There are specific people who are directly culpable for the downward spiral of Heroku. Yes-men/women without a single stitch of the vision and drive that created Heroku and it's earlier success.
Heroku died in my arms years ago. It's all very sad.
I've not found the time to write up the entirety of my experience unfortunately, but I did move a bunch of stuff off Heroku over the past couple of years and directly onto AWS. It was a very piecemeal approach which had the double benefit of being low/no impact to end users while also letting me do it at my leisure. My general approach was:
* Import my current Heroku config into Terraform resources so I can co-ordinate changes across multiple platforms as a single atomic change.
* Embrace a strangler pattern (https://www.redhat.com/architect/pros-and-cons-strangler-arc...). I used Cloudfront, but you could put any CDN in front.

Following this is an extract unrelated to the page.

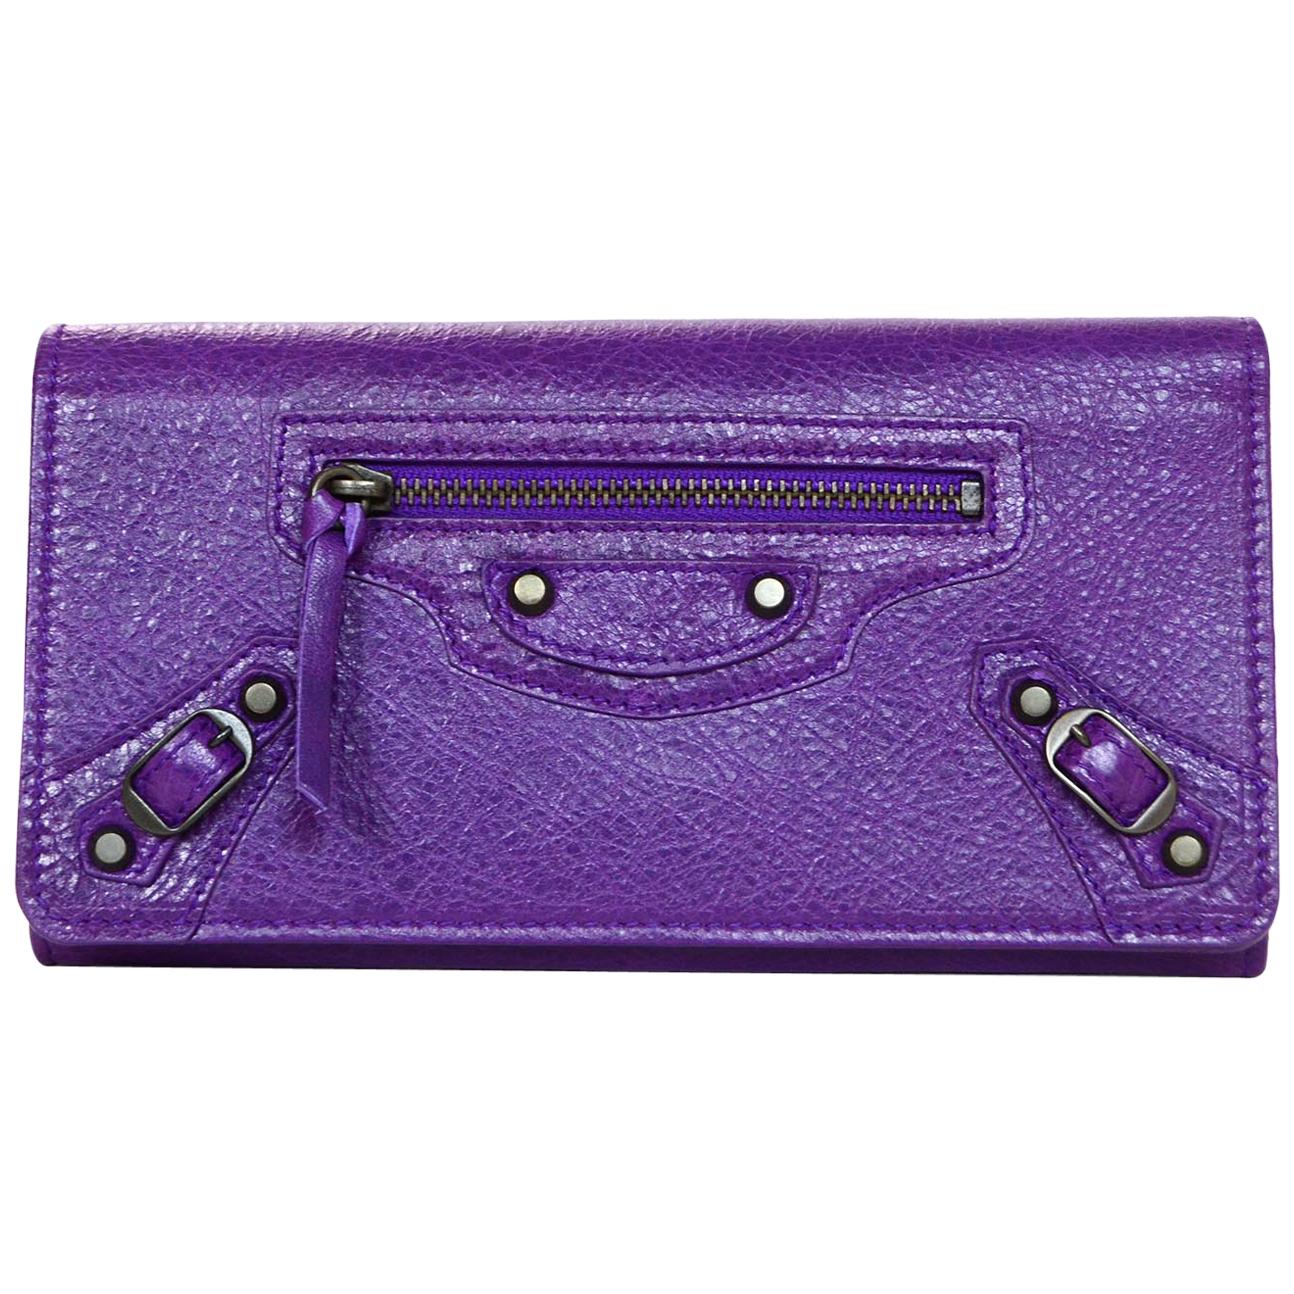 Balenciaga Purple Leather Classic Wallet W/ Brass Hardware & Dust Bag

* My databases + workers were a large part of my Heroku bill, and I had a very spikey usage profile (potentially days with near zero usage, with brief peaks), so I used it as an opportunity to refactor towards a serverless infrastructure (https://glenngillen.com/safely_migrating_from_heroku_aws_ser...). This was entirely superfluous to the migration though. If I'd not taken that approach the alternate would have been to provision and RDS Postgres instance, add the required IAM profiles to my Heroku app. Work out how/when to schedule a window to cutover to RDS being the primary DB. Update the DATABASE_URL accordingly. Again, doing all of this via Terraform to make it happen. But doing it in small incremental steps where possible (i.e., adding the IAM profiles to the app first). Once cut-over, take a final snapshot of the Heroku Postgres database and then shut it down.
* Updating the code on my workers to be idempotent.

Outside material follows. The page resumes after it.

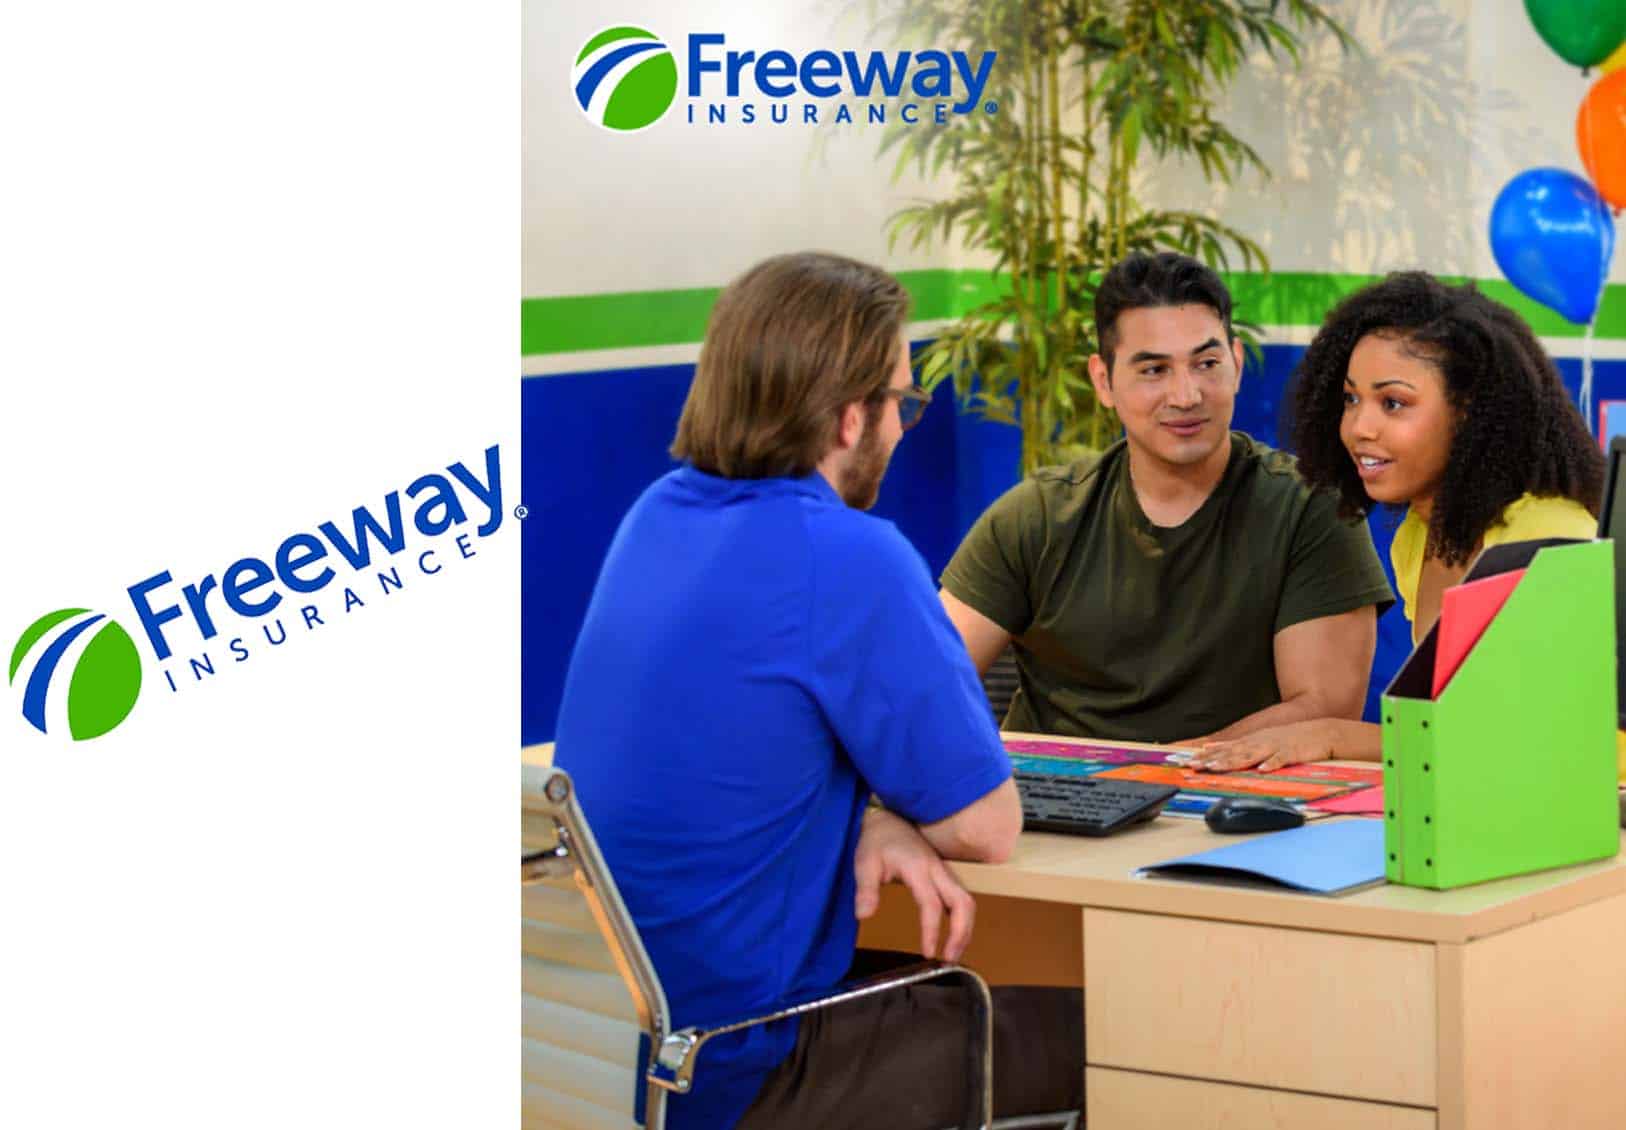 Freeway Insurance - Affordable & Best Auto Insurance at www.freewayinsurance.com

* Make sure config vars are imported to Terraform and are sync'd to the various places they need to be (probably just the Heroku app for now).
* Have the workers run inside containers on AWS (doing them just one worker at a time), exposing the required config vars for them to work. Let the Heroku + AWS workers both process the work for a period of time, hence the need for being idempotent. Once I'm confident the AWS ones work as intended, shut down the Heroku workers. * Picking off individual paths/API endpoints to serve from AWS. In my case I also migrated all of this to API gateway + lambda. An ALB with EC2/ECS would have also been an alternative. Add a new path based route to your CDN (e.g., /v2/the-existing-path) and have it's origin point to your non-Heroku service. Test it. Once it works, update the existing path that users are using to now go to the new origin. It means if you discover some issue you can quickly update the routing to have Heroku resume serving that route. Once you're confident, rinse and repeat the next path. Continue through until all traffic is ultimately served by the new host.

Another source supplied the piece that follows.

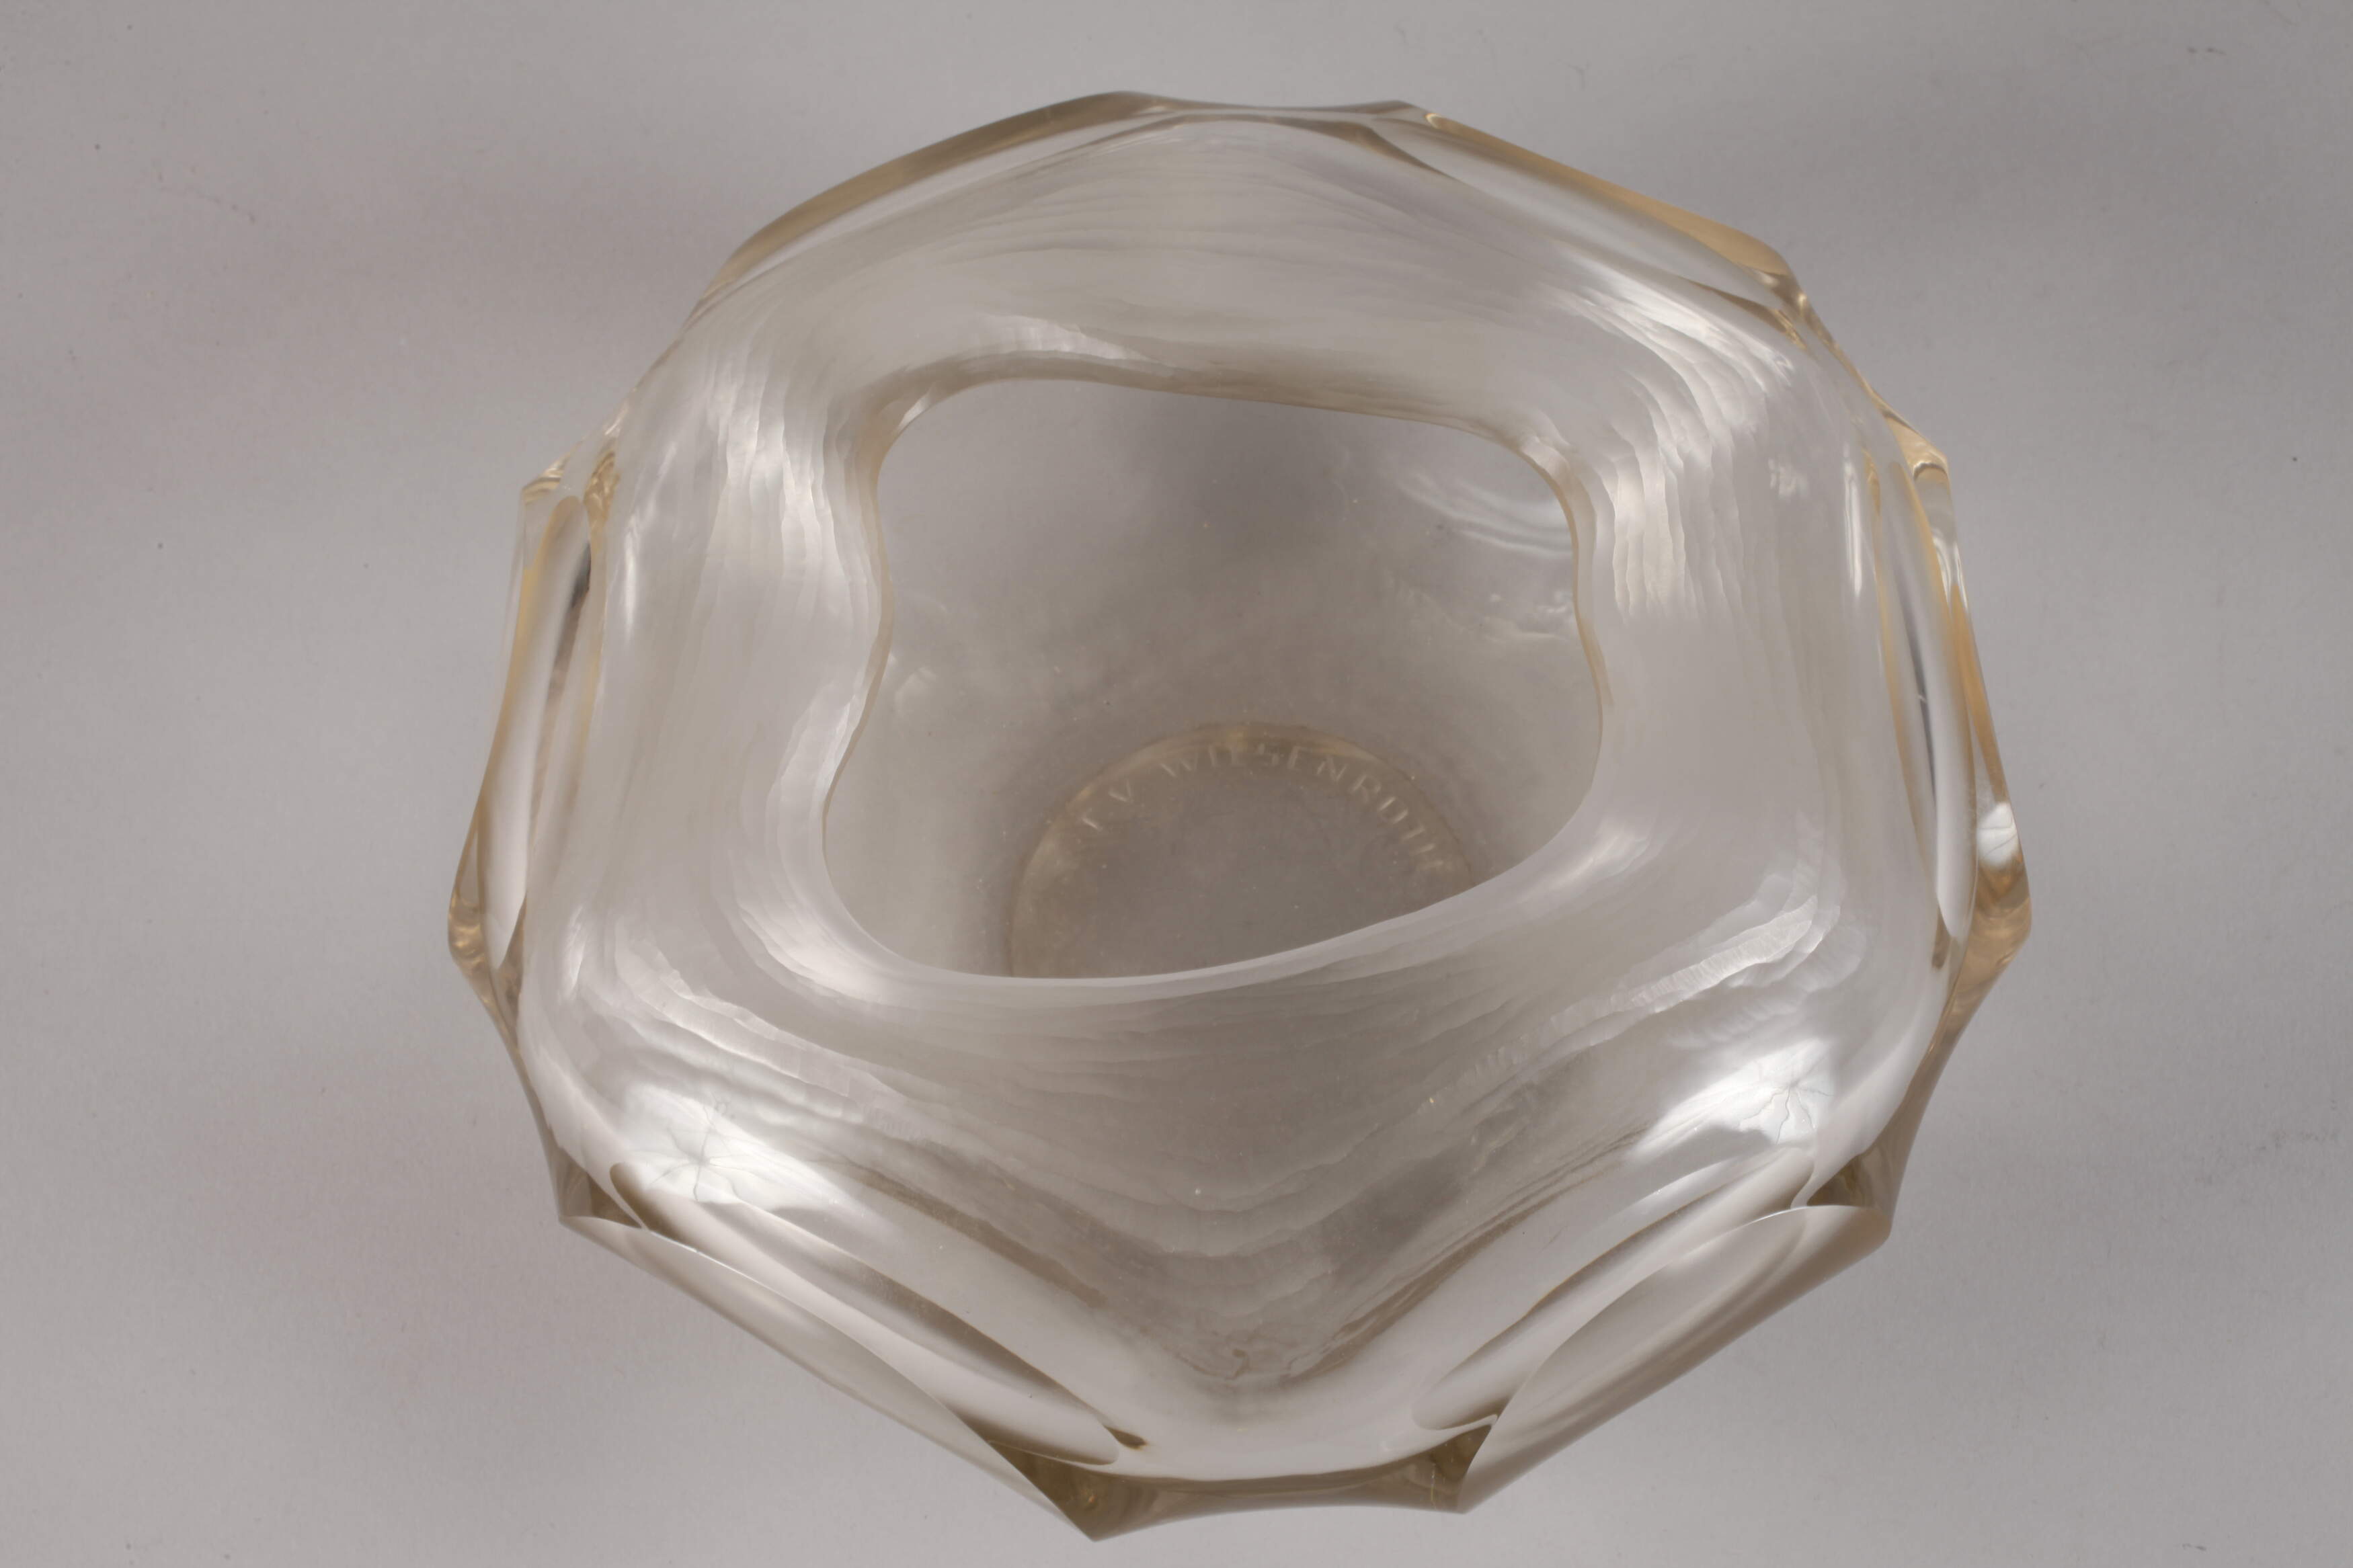 Staatliche Glasfachschule Hadamar bowl - Image 2 of 5

* If there's nothing left then scale down the remaining processes on Heroku.
I've gone an all-in AWS approach, but the same general principle could apply to whatever platform you want to run on. I think the biggest thing people I've spoken to in the past about this overlook is that you don't have to make some big wholesale switch. There's ways to derisk it and take an incremental approach to migrating. Which also drastically reduces the cost of making the wrong decision. If you can run just one route through AWS/Fly/DigitialOcean/whatever then you can get a sense for whether it will _actually_ work for your needs, and quickly roll back if you change your mind.